• DATASET RECORDS

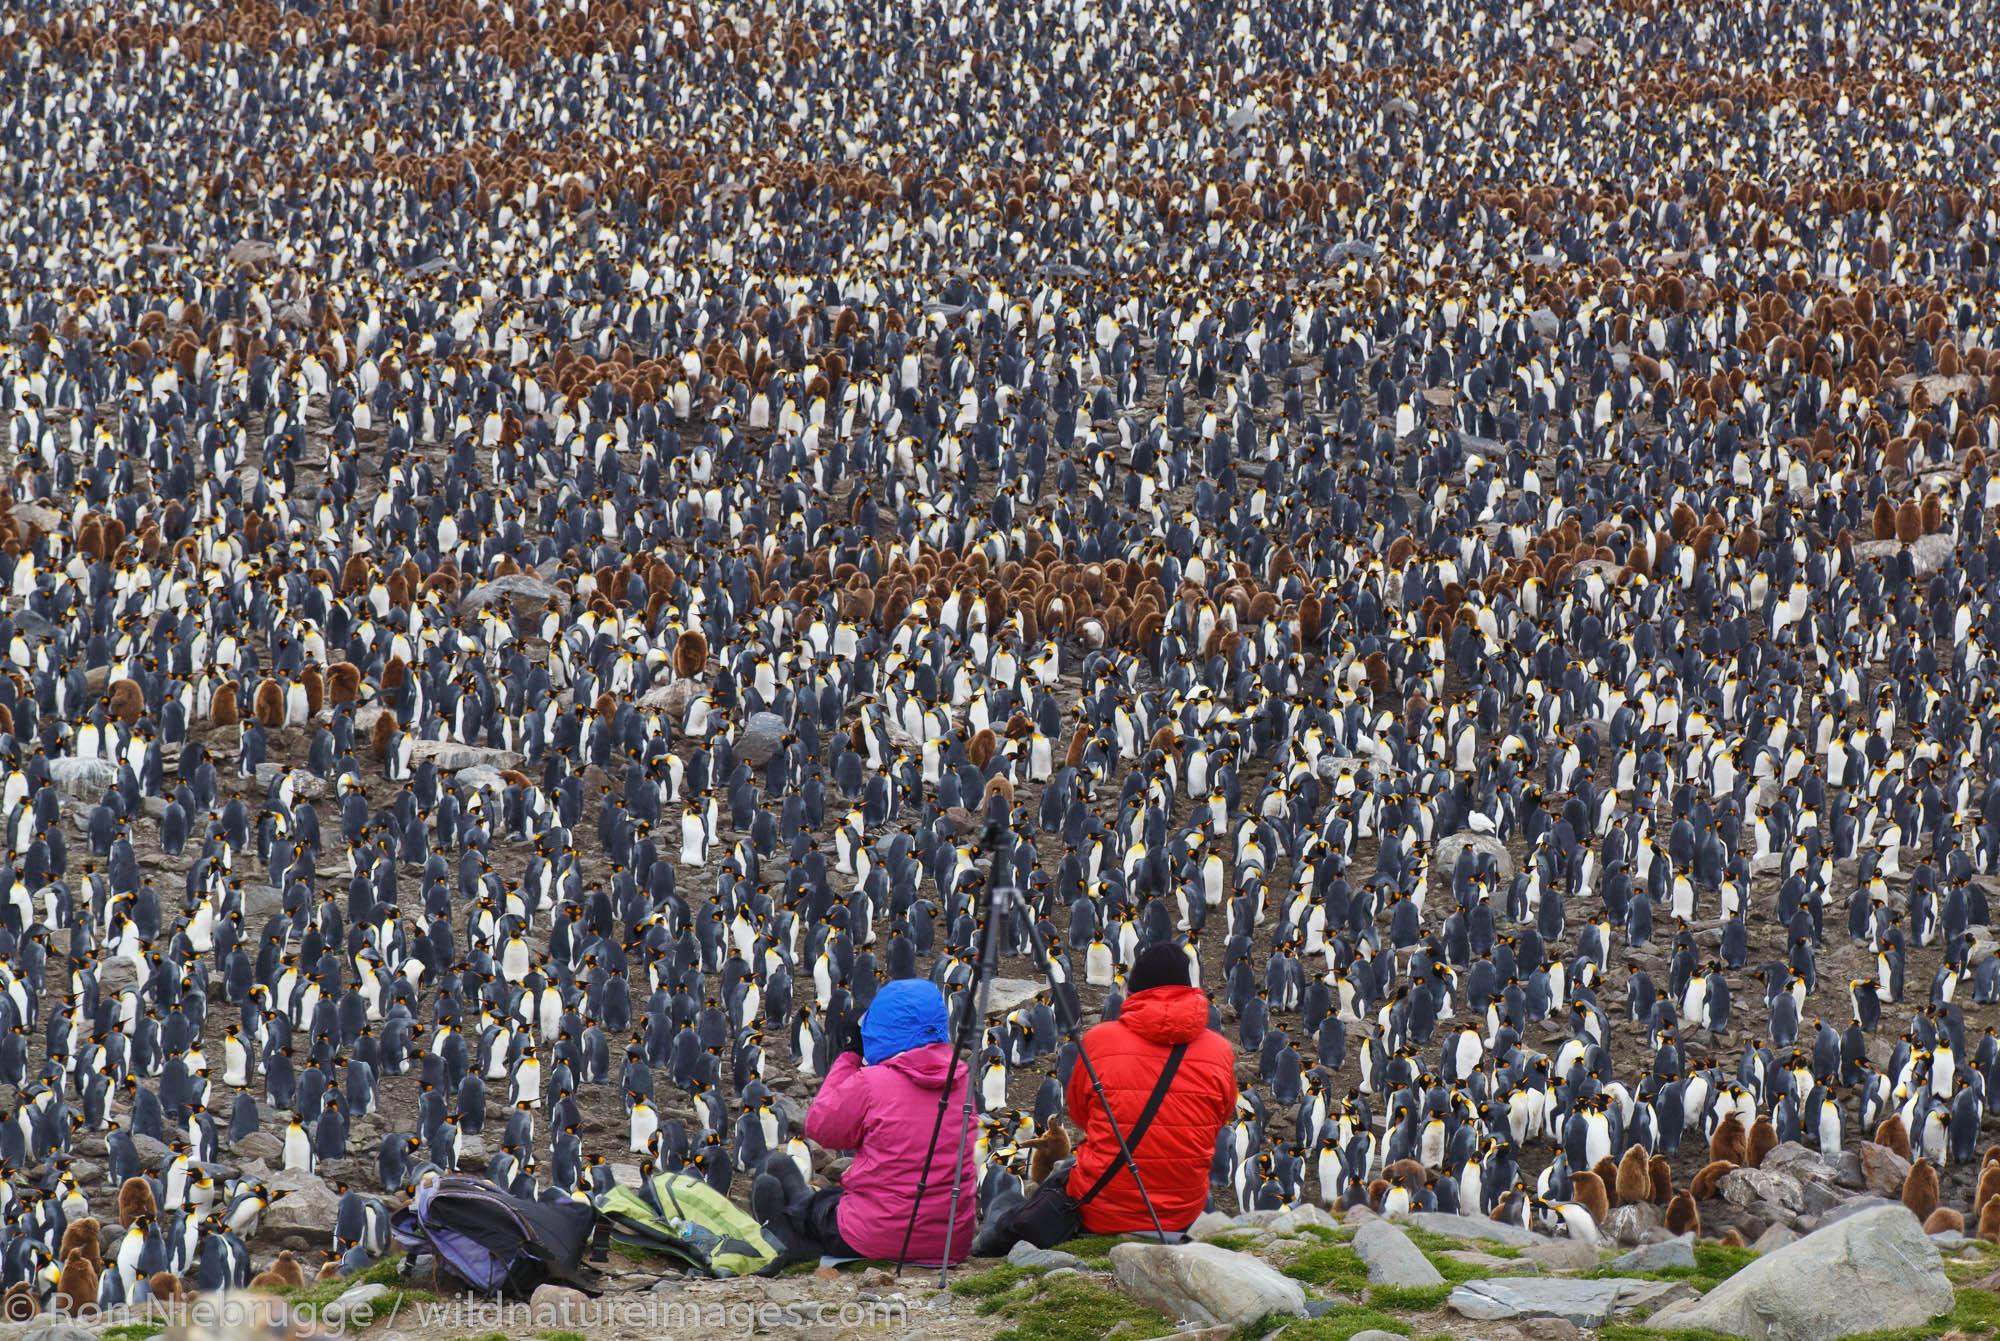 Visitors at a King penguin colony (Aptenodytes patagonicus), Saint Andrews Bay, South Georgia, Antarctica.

==

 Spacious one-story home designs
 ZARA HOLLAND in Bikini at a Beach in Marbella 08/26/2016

• PROBLEM DETAILS
In the listing above, find the line containing "Spacious one-story home designs" and the line containing "ZARA HOLLAND in", then quote both, plus every line between them, exactly as written.

• TASK SOLUTION
 Spacious one-story home designs
 ZARA HOLLAND in Bikini at a Beach in Marbella 08/26/2016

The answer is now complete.